The EX1, HX10, UX100, XX, Saiga and Tuulai are all conventional curve limbs, nothing super curve about them, YET they are still very smooth on the backend. So the smoothness is not due to the let-off from a super curve, it is in the carbon monolith construction.


----------



## pipcount (Oct 9, 2012)

lameduck said:


> You may have not noticed these other differences, but archers having longer draw lengths may notice it. For competitive recurve archers, stability is very important because they shoot up to 70m distance.


This is absolutely true. My thought is "For what archer does it matter?" Does anyone have some test data that shows "increase stability by x, your accuracy improves by y?"
I doubt for a guy like myself, with 6" groups at 20yds, it matters.
I am absolutely sure for guys in Olympics at 70yds it matters.. but how much? If you shoot 144 arrows, how much does your score improve if the limbs are, say, twice as torsionally stiff?

I remain super super pleased with my two sets of sx50 XL limbs. My #1 criteria was simply reduce stacking at my 31.5" draw, for which they perform admirably. Zero stacking to note on 25" riser, measured results 100% linear within my instrumental error limits. That out of the way, all other criteria are great! And, as Bent has noted, the darn things seem amazingly consistent limb to limb- I can swap out on my riser the lighter and heavier limbs and make zero changes to rig other than maybe different arrows.

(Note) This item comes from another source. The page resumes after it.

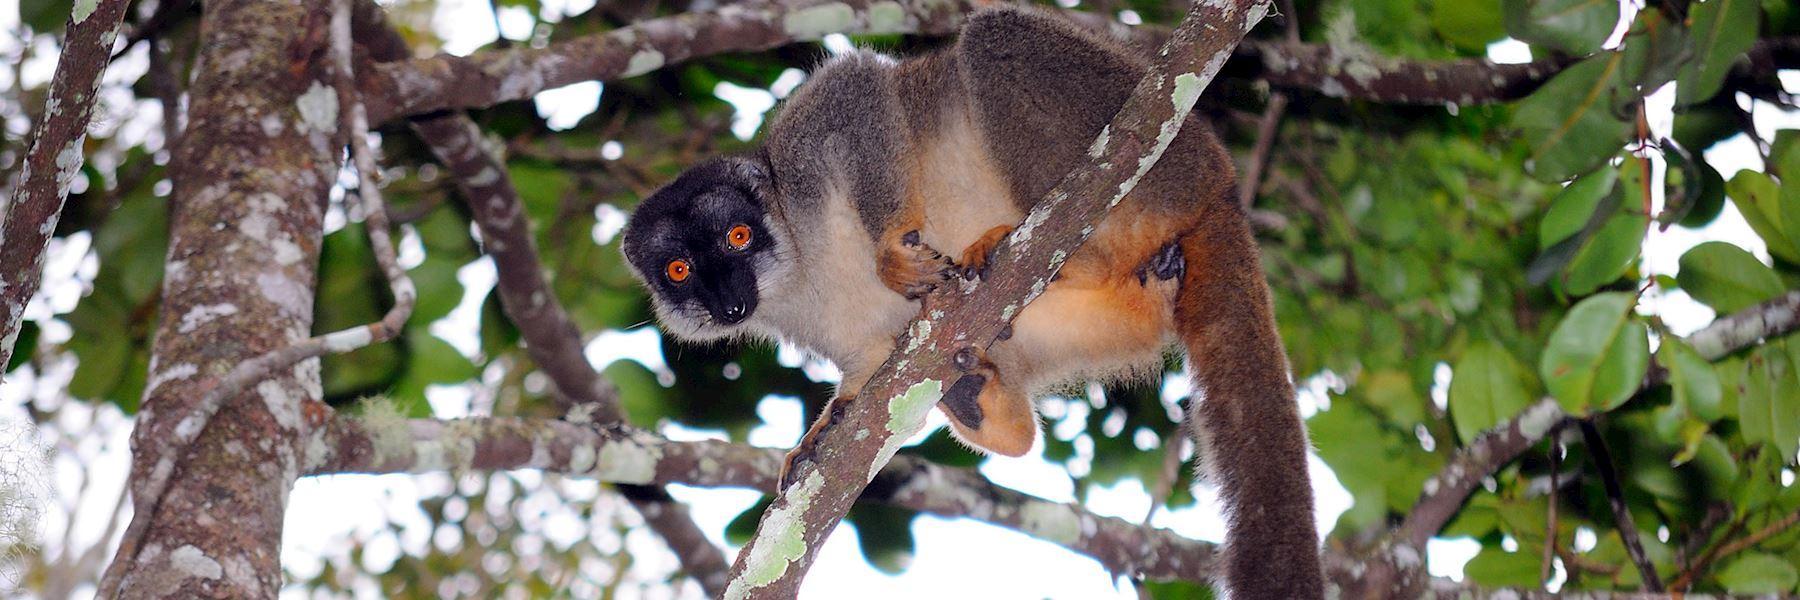 Visit Andasibe National Park (Perinet), Madagascar

Truth be told.. at my skill level, I dont really notice slight increases in speed or "stability"- For a while, after a shoulder injury, I was shooting light Galaxy Silver Star limbs.. If they had not stacked for me I would still be shooting that brand...for ~$130.


----------



## Bent_Limb (Mar 16, 2021)

Here is some pics of shooting tonight at 20 and 30 with the sx50 on my wf-19


----------



## stikbow208 (Dec 15, 2013)

Other than the Nature limbs being weighed on a 19" riser what would be the difference between the Gobi and SX50 limbs? Price difference is little. I'm asking about ease of draw, smoothness, quiet and performance. I stopped shooting paper 30+ years ago and only hunt or practice in the yard so I don't need the degree of accuracy that some of you want.

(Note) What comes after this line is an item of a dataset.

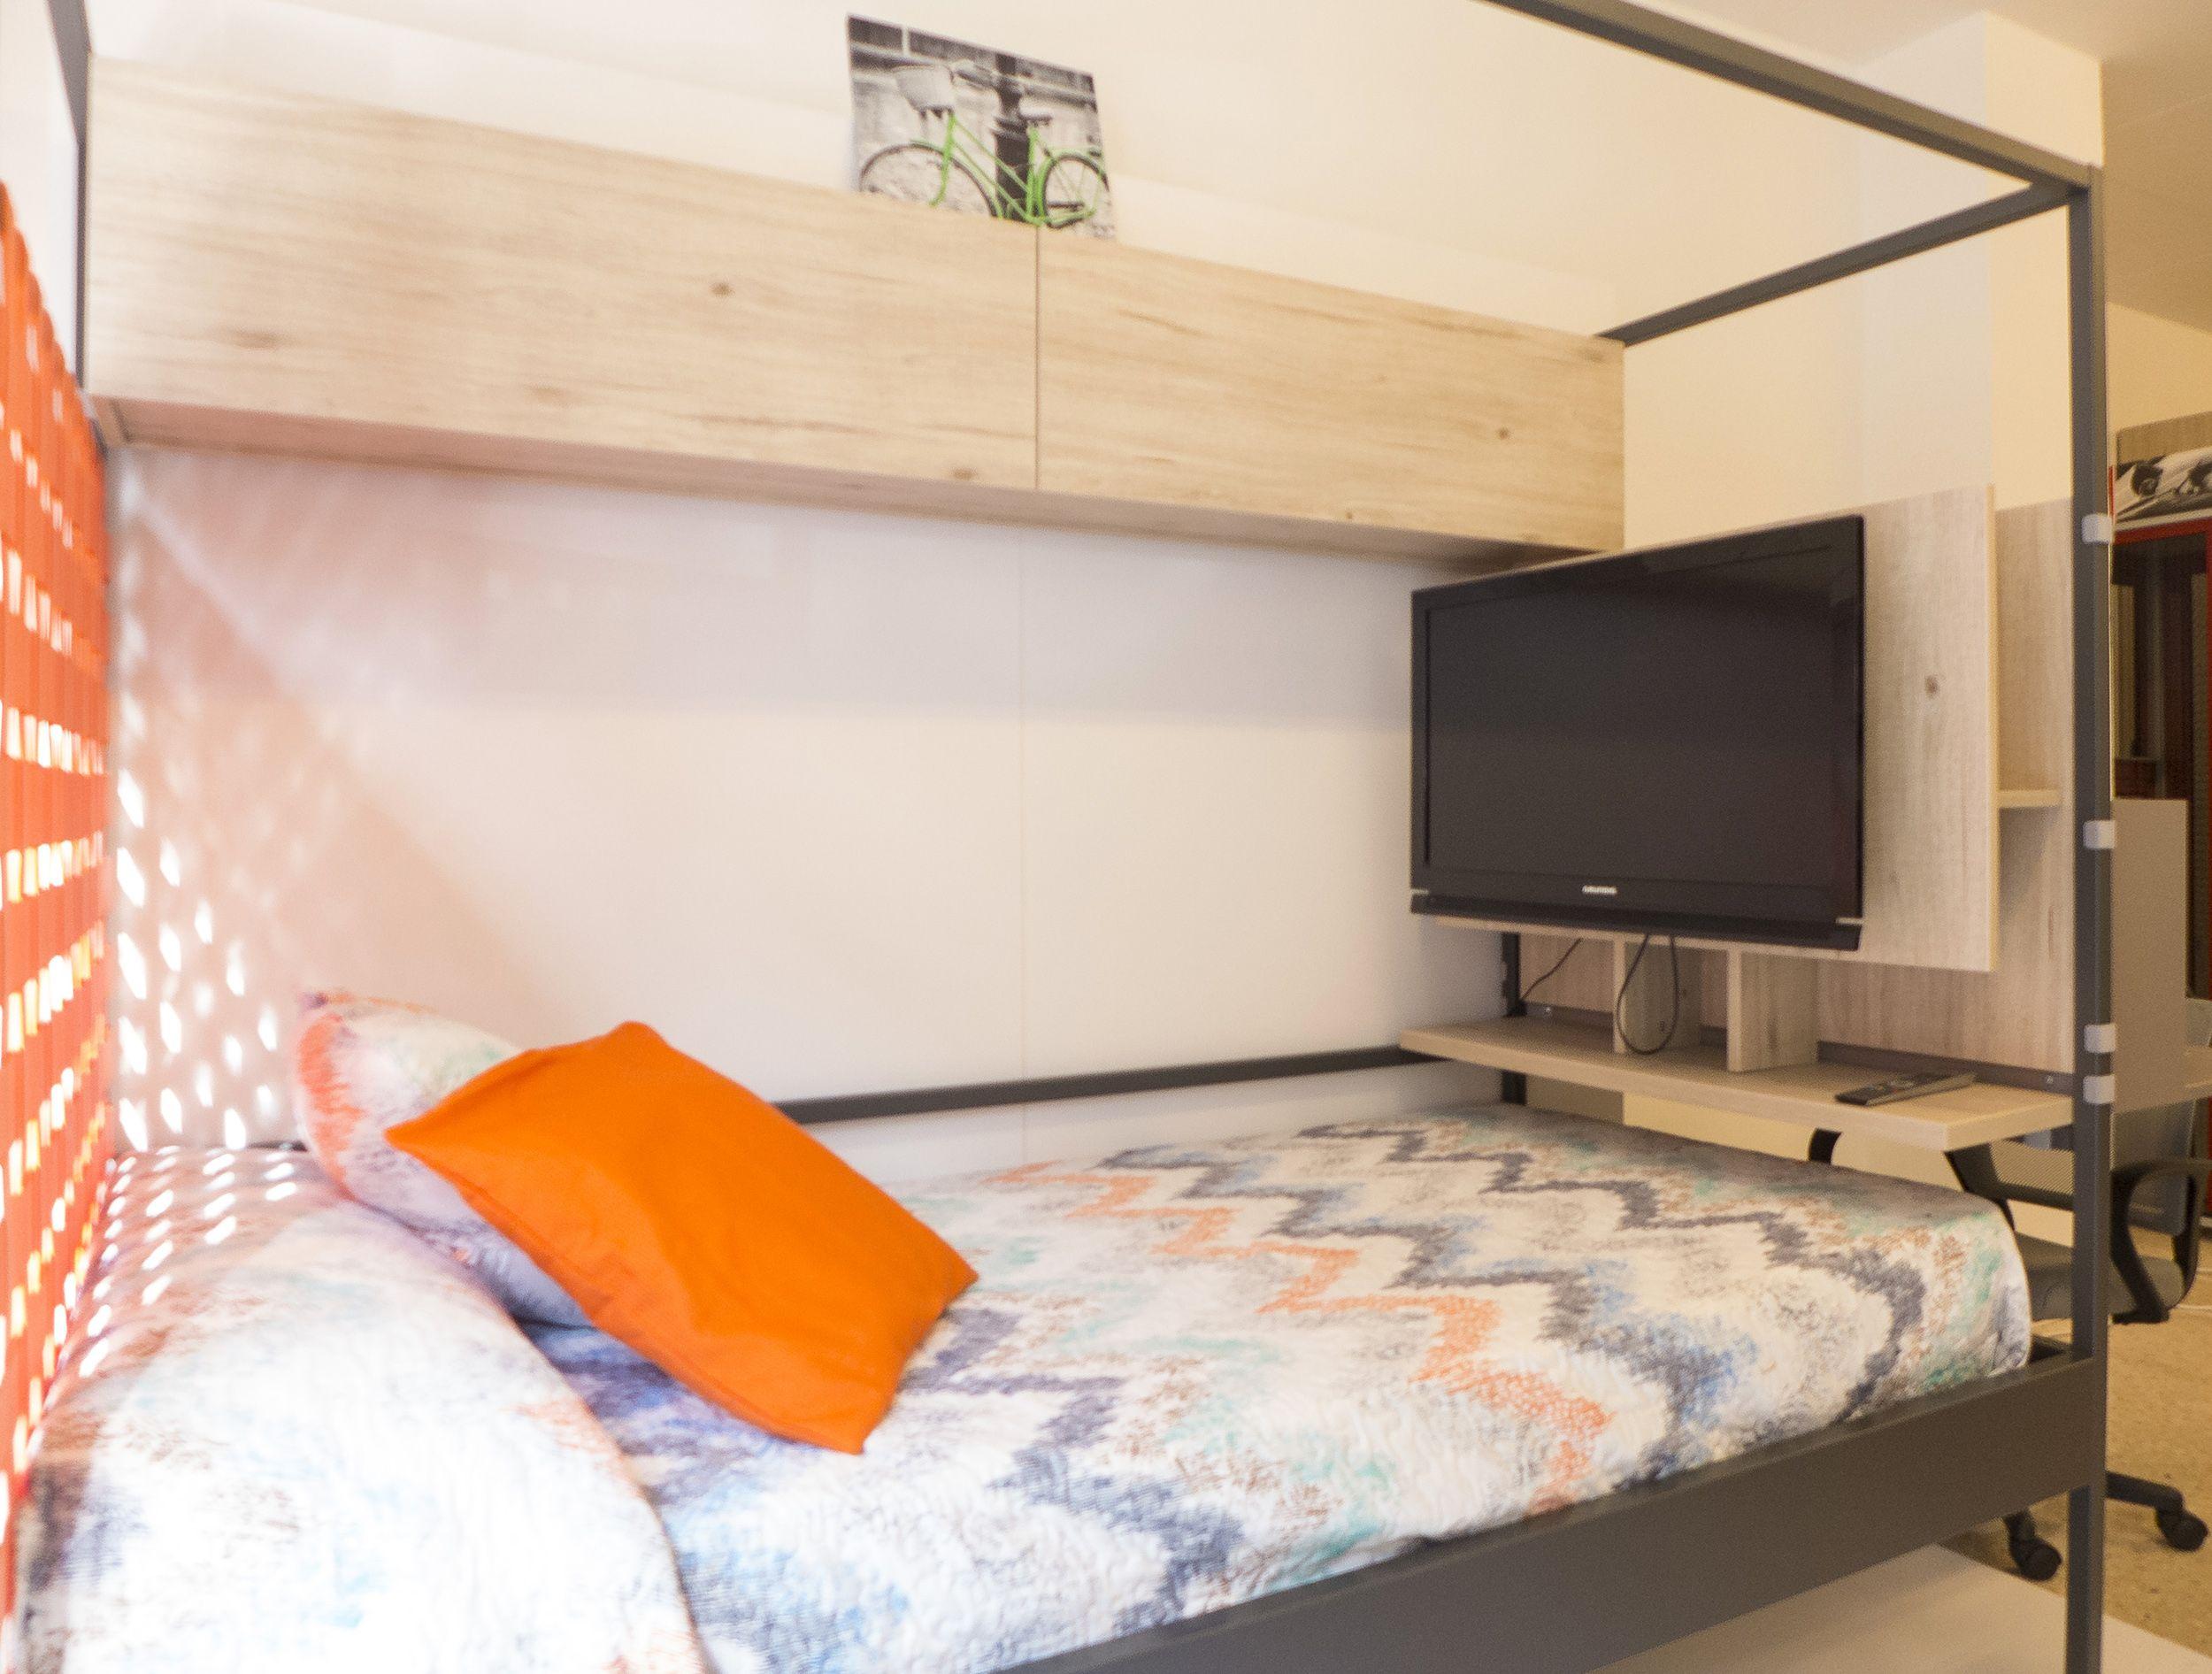 Dormitorios para espacios reducidos en Sarriá Sant Gervasi, Barcelona

Also, for those of you that have ordered limbs from Alternative how did that work for you? Were there any problems with customs or extra charges?


----------



## Bent_Limb (Mar 16, 2021)

stikbow208 said:


> Other than the Nature limbs being weighed on a 19" riser what would be the difference between the Gobi and SX50 limbs? Price difference is little. I'm asking about ease of draw, smoothness, quiet and performance. I stopped shooting paper 30+ years ago and only hunt or practice in the yard so I don't need the degree of accuracy that some of you want.
> 
> Also, for those of you that have ordered limbs from Alternative how did that work for you? Were there any problems with customs or extra charges?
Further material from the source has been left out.